First, a major issue that must be remembered is that possession and sale of marijuana remains illegal under federal law. Indeed, one who is knowingly involved in the possession or sale of marijuana may be an accomplice or conspirator under federal law. So, what does it mean that what is legal under state law is illegal under federal law? This involves complex constitutional issues about whether federal law pre-empts or supersedes state law in this situation. Washington courts have yet to decide this issue and other state courts within our judicial circuit are not in agreement. The response of the federal government (United States Department of Justice) to this situation has been to say it does not intend to attempt to invalidate the state law, at least so long as Washington implements “strong and effective regulatory and enforcement systems” that will address threats to public safety and public health. There is, of course, no guaranty that the federal government will always take this stance. However, it is likely that if its position changes, there will be notification to the states of this change.
So, if you are a landlord, and you are approached by a prospective tenant who wants to lease space for state licensed growing, packaging, or sale of marijuana, there are two primary issues of concern. First, at a minimum, any lease will need to have a well drafted escape clause so that in the event federal law enforcement takes the position that Washington’s laws as to marijuana are invalid, and/or expresses an intent to enforce federal law, the lease will immediately become null and void. As a secondary concern on this issue, the landlord should also be indemnified from any loss resulting from the termination of the lease, though we must remember that indemnification provisions are only worthwhile if the indemnifying party has the resources to pay.
The second major issue for landlords is their relationship with their bank. Banks or other financial institutions, whether chartered nationally or state chartered, cannot legally possess, move, receive, or otherwise “touch” money involved in an illegal activity. Banks who are receiving money that they know comes from illegal activity (illegal under federal law, if not state law) are concerned they may be found to have violated money laundering laws and face criminal sanction, much less lose their charters. Some landlords have been told by the lender holding the mortgage on their property that if they lease to marijuana related tenants, their loans will be called on the basis of illegal activity. Others have been told that even if their loans are not called, they will not be given any new credit.
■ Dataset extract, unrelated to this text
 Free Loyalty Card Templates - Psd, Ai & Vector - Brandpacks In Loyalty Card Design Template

Others who don’t even have loans have been told by their lenders that they do not want rents from marijuana tenants deposited in their bank. While a “fix” at the federal level is being discussed, given the atmosphere in Congress, no one can predict whether such a fix is likely.
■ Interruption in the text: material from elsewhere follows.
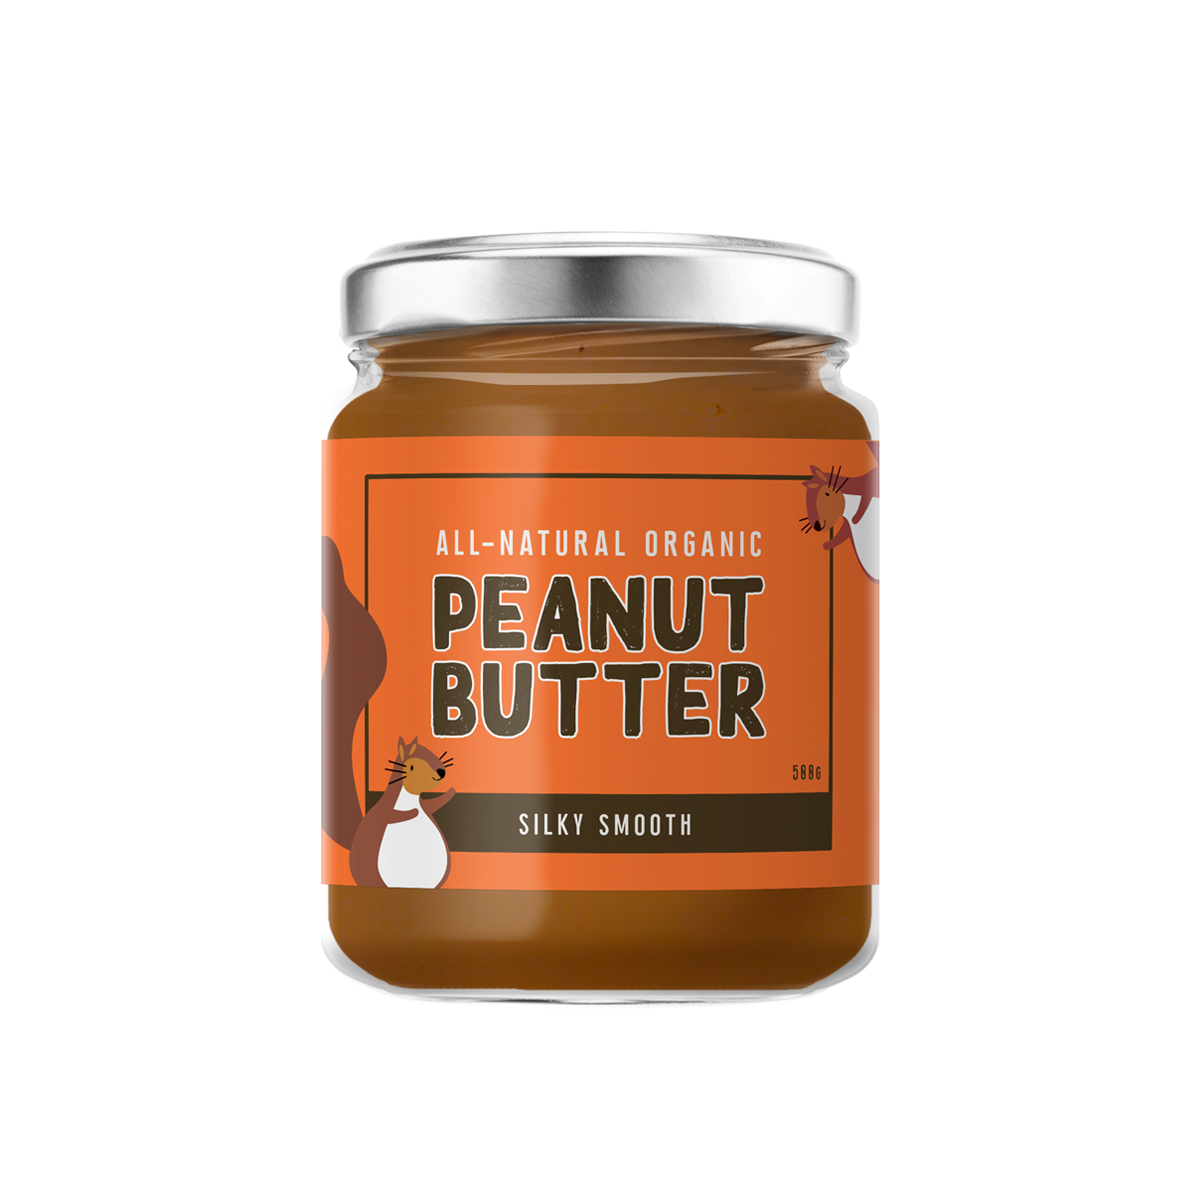 Peanut Butter - Smooth

The new laws legalizing marijuana have created a challenging situation for commercial landlords. Any landlord dealing with a marijuana related businesses should consult an attorney familiar with these issues.
Disclaimer: This article and blog are intended to inform the reader of general legal principles applicable to the subject area. They are not intended to provide legal advice regarding specific problems or circumstances. Readers should consult with competent counsel with regard to specific situations.